----- SOURCE MATERIAL

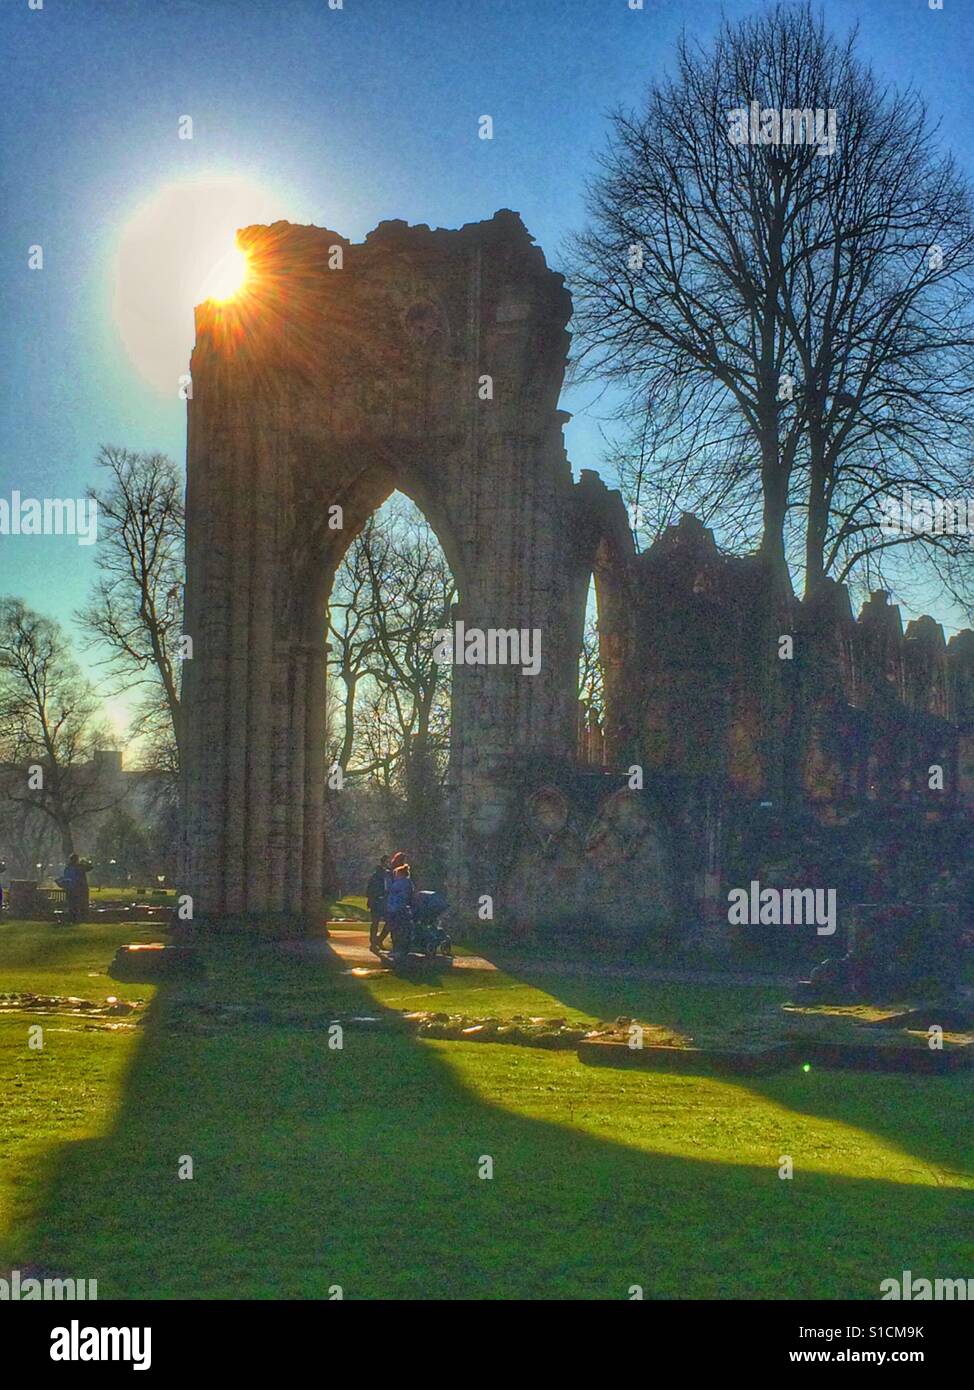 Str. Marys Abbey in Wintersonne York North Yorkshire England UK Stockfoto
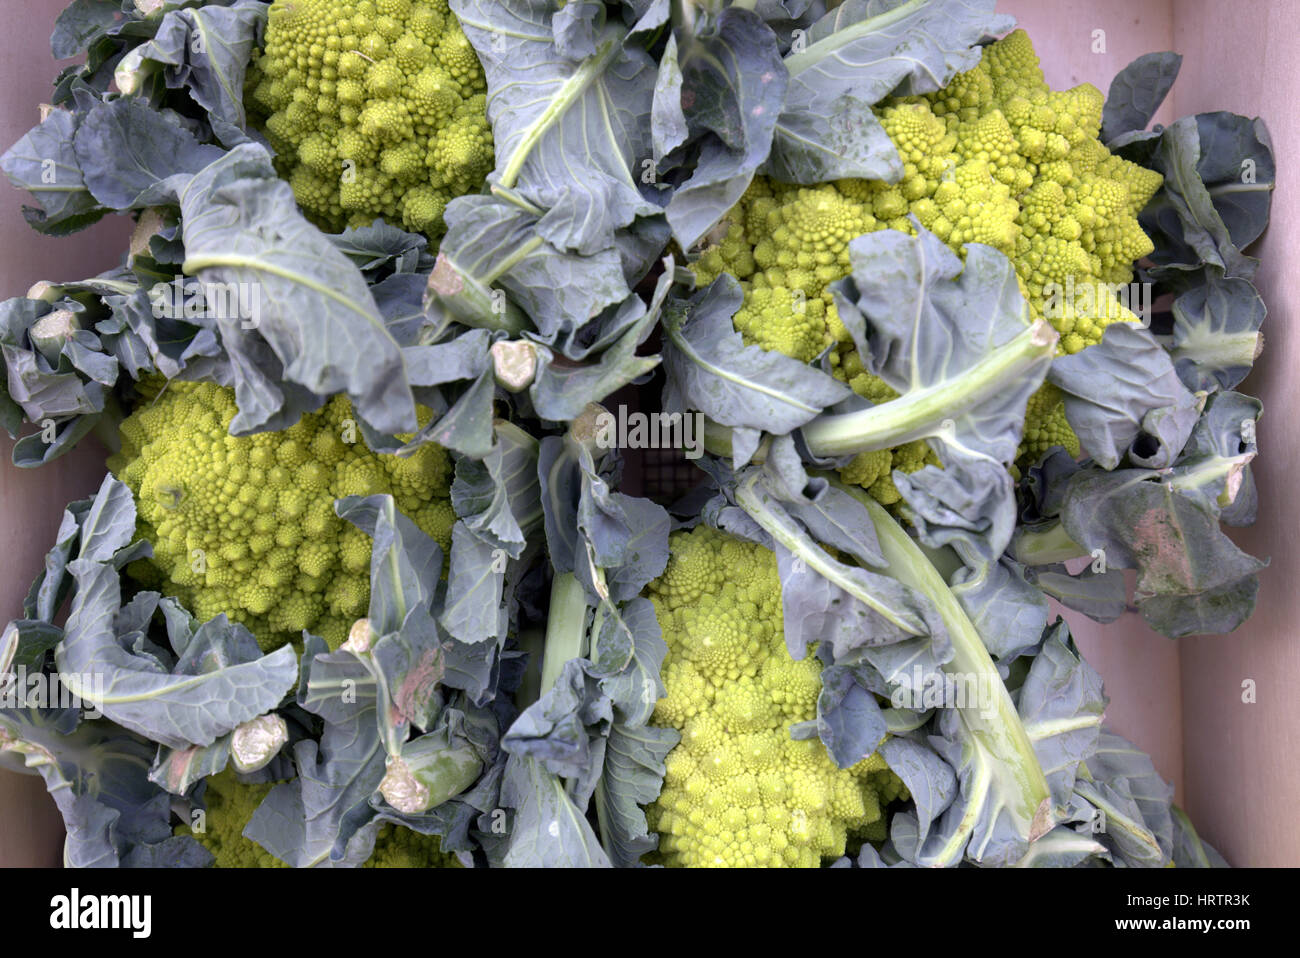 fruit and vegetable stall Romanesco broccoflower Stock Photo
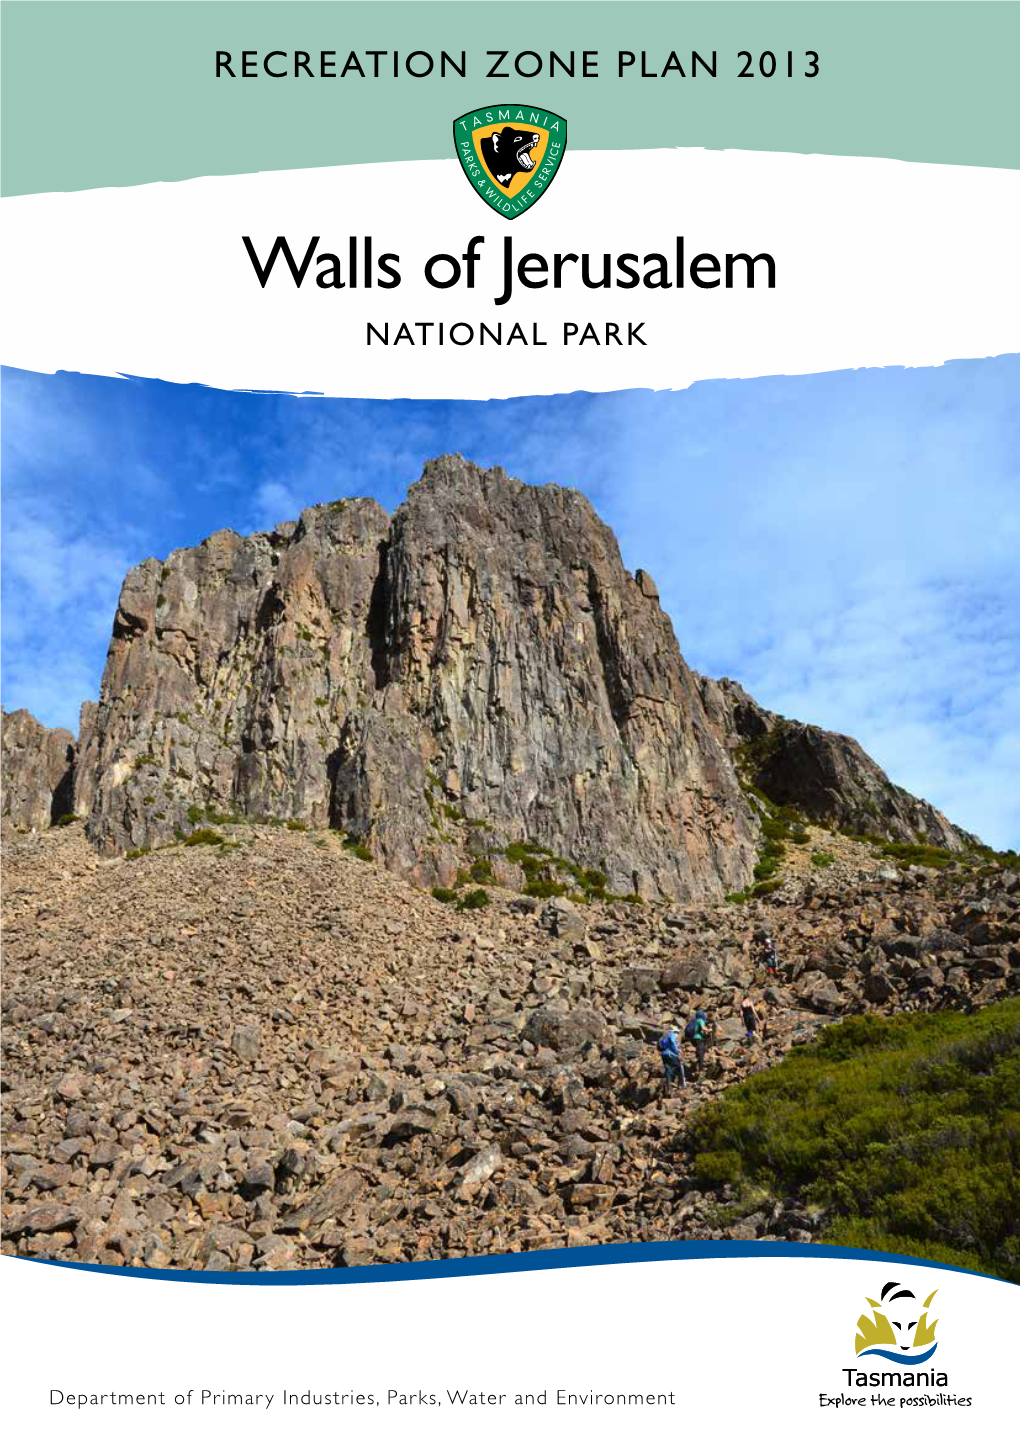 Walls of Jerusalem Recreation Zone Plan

----------
----- SOURCE MATERIAL

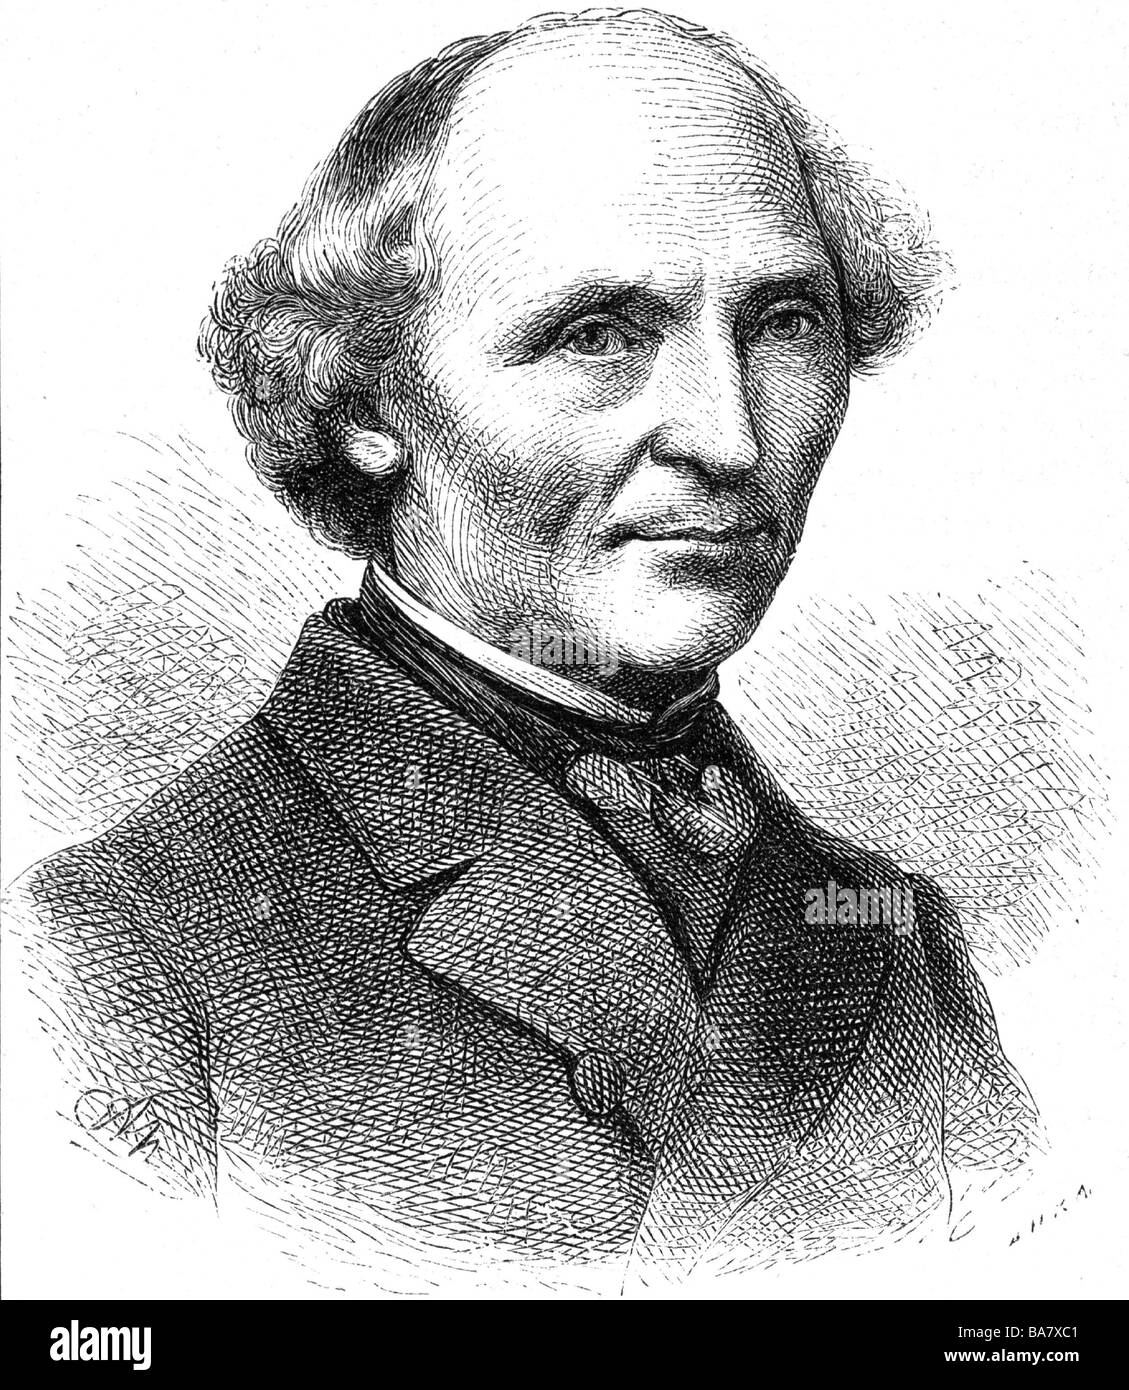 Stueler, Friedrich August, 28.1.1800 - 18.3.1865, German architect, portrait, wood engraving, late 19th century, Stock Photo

----------

**ABOUT THIS EXERCISE**:
Only the lines starting at the one that includes "fruit and vegetable" and ending at the one that includes "Walls of Jerusalem Recreation Zone Plan" should be retyped, exactly, from the records above; no pictures.

**ANSWER TO THIS EXERCISE**:
 fruit and vegetable stall Romanesco broccoflower Stock Photo
 Walls of Jerusalem Recreation Zone Plan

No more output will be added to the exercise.